> Data records
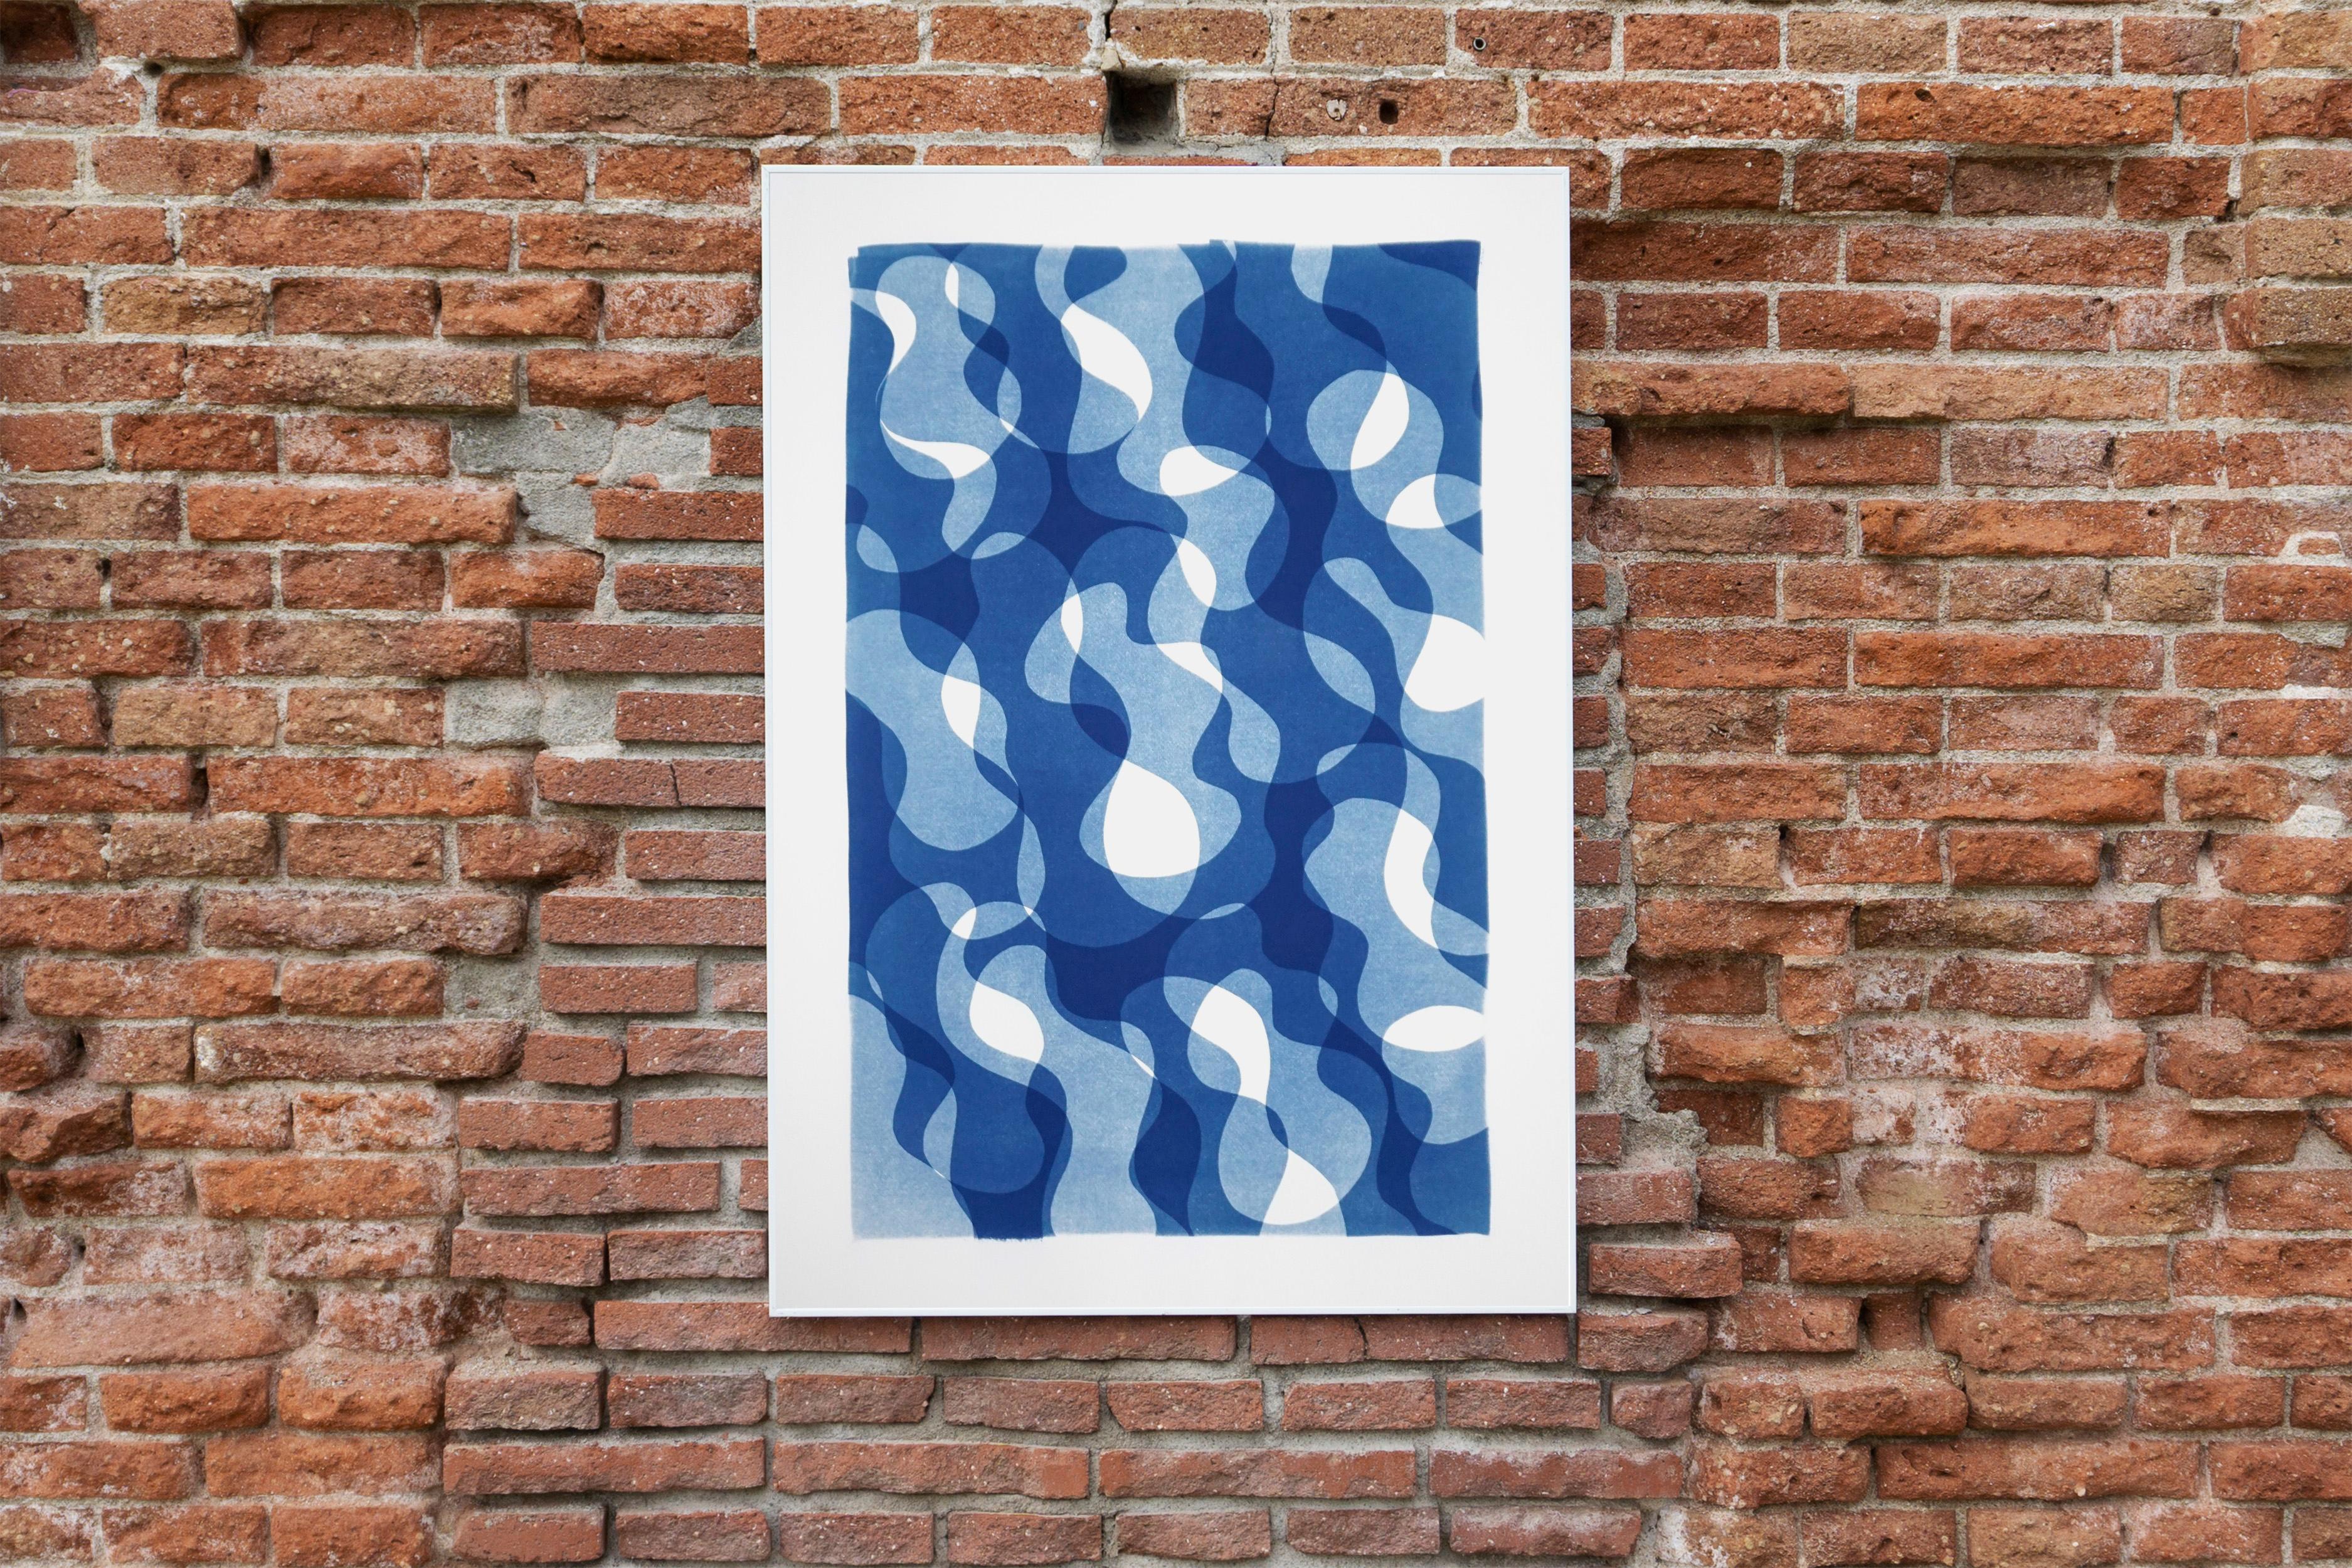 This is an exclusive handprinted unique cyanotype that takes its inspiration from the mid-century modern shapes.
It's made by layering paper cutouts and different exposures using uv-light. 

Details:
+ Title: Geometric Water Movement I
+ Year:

> HOW TO COMPLETE THIS TASK
Once the pictures are removed, print all the remaining data exactly as it stands.

> SOLUTION
 This is an exclusive handprinted unique cyanotype that takes its inspiration from the mid-century modern shapes.
It's made by layering paper cutouts and different exposures using uv-light. 

Details:
+ Title: Geometric Water Movement I
+ Year:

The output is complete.